225 F.2d at 639. A perusal of the letters drafted by Littleton reveals that they did give notice that damages had occurred and that reparations were expected.

Since the writings are at least as explicit as our precedent requires, the only other basis for holding them inadequate as a matter of law would have to be that they were directed to the wrong pigeonhole in the railroad's corporate empire. Surely we do not mean to say that an otherwise adequate notice of claim fails because it was directed to the wrong department. Even if that were the general rule, it would not justify summary judgment in this case. The August 11 letter from Santa Fe's treasurer demonstrates that at least one of the written notices came in a timely manner to the attention of a senior corporate official. Indeed, the August 11 letter reveals that the treasurer had discussed the matter with the railroad's own claim department, for it said: "Our claim department advises they have not received a claim filed by you." At the very least, a factual issue is presented as to whether Littleton's letter of July 19 ultimately reached the "correct" department even if there was no duty on the part of the "incorrect" department to forward it to the appropriate pigeonhole.

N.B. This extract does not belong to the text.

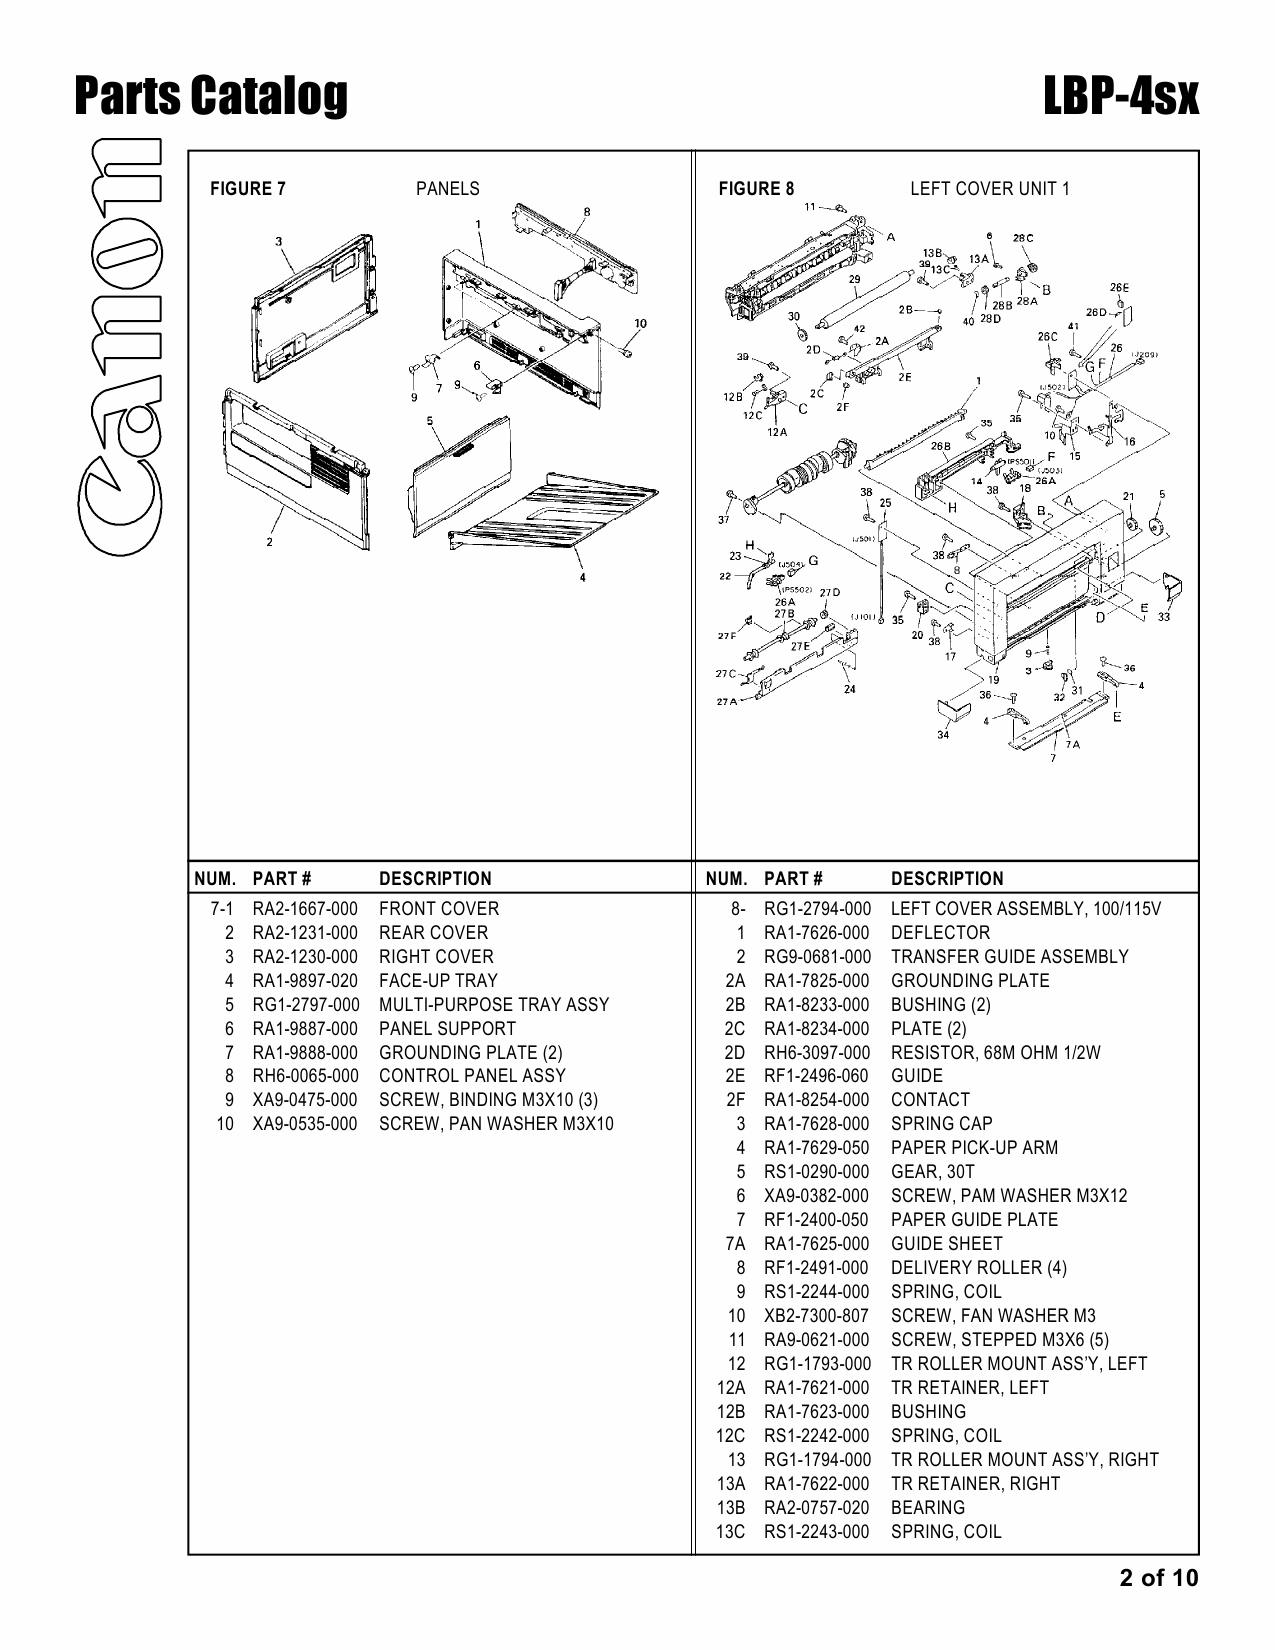 Canon imageCLASS LBP-4sx Parts Catalog Manual-2
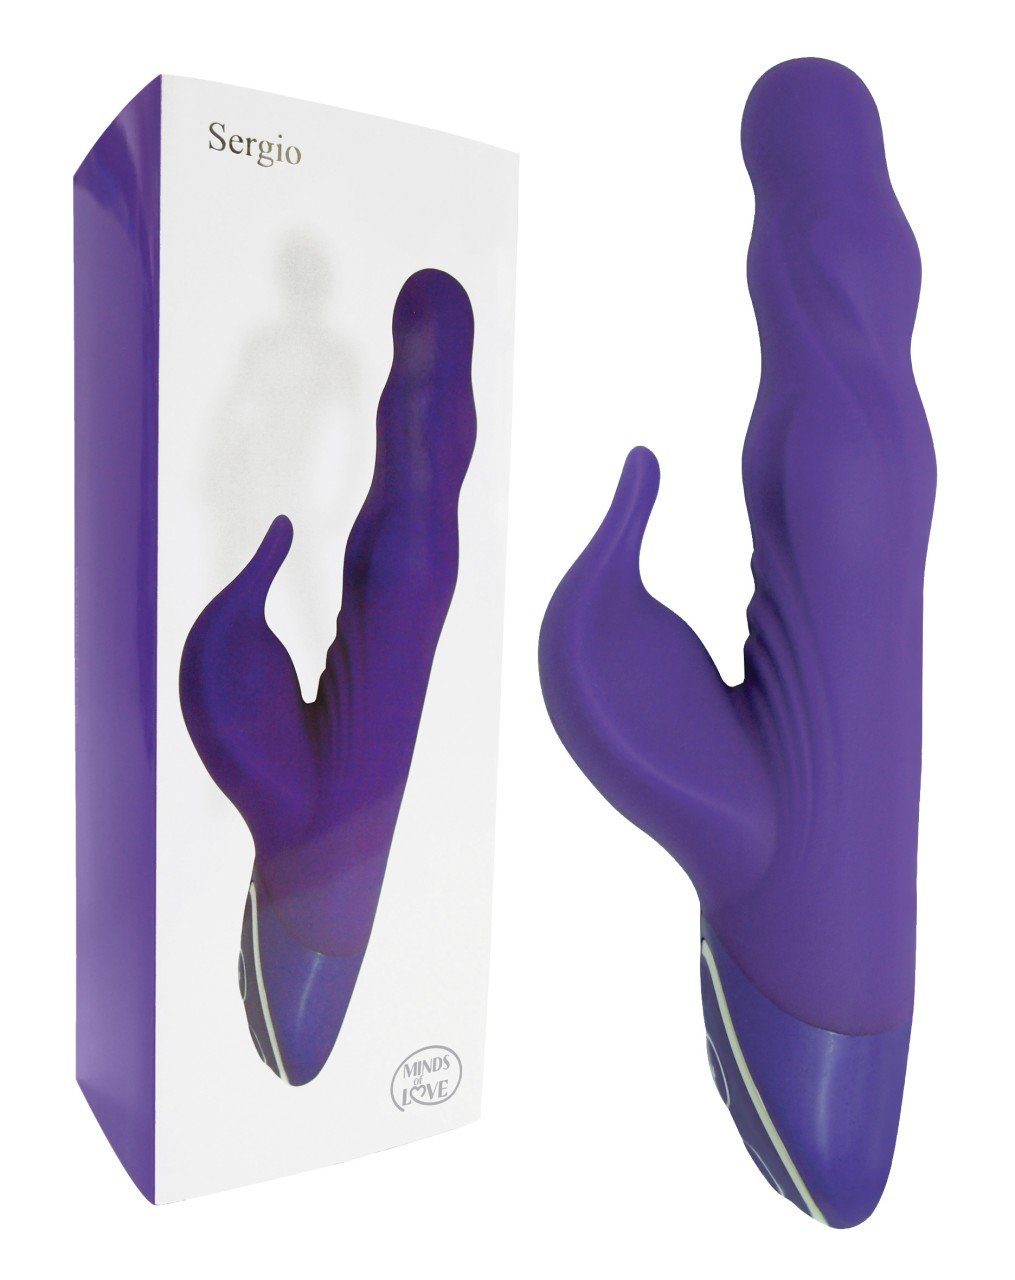 MINDS of LOVE Rabbit-Vibrator MINDS LOVE of purple Sergio

Once it is shown that some kind of a writing identifying a claim has been sent to someone in the railroad's corporate structure, the adequacy of that notice is a fact question to be determined from the evidence. It would be a rare case indeed where summary judgment would be appropriate once such a writing has been sent. Once a motion for summary judgment has been made, all reasonable doubts as to the existence of a material fact must be resolved against the moving party. Zampos v. United States Smelting, Ref. & Mining Co., 206 F.2d 171 (10th Cir. 1953); 6 Moore's Federal Practice § 52.27[1] (1976). Here the indications that Santa Fe had adequate notice are so strong as to render doubtful any finding other than compliance with the notice requirement. The absence of detailed monetary descriptions of the claim, of course, is not fatal to the validity of the notice. Thompson v. James G. McCarrick Co., 205 F.2d 897 (5th Cir. 1953).

Since summary judgment was based on noncompliance with the notice requirement, I would reverse and remand for trial on the issue of the adequacy of the written notice which was given.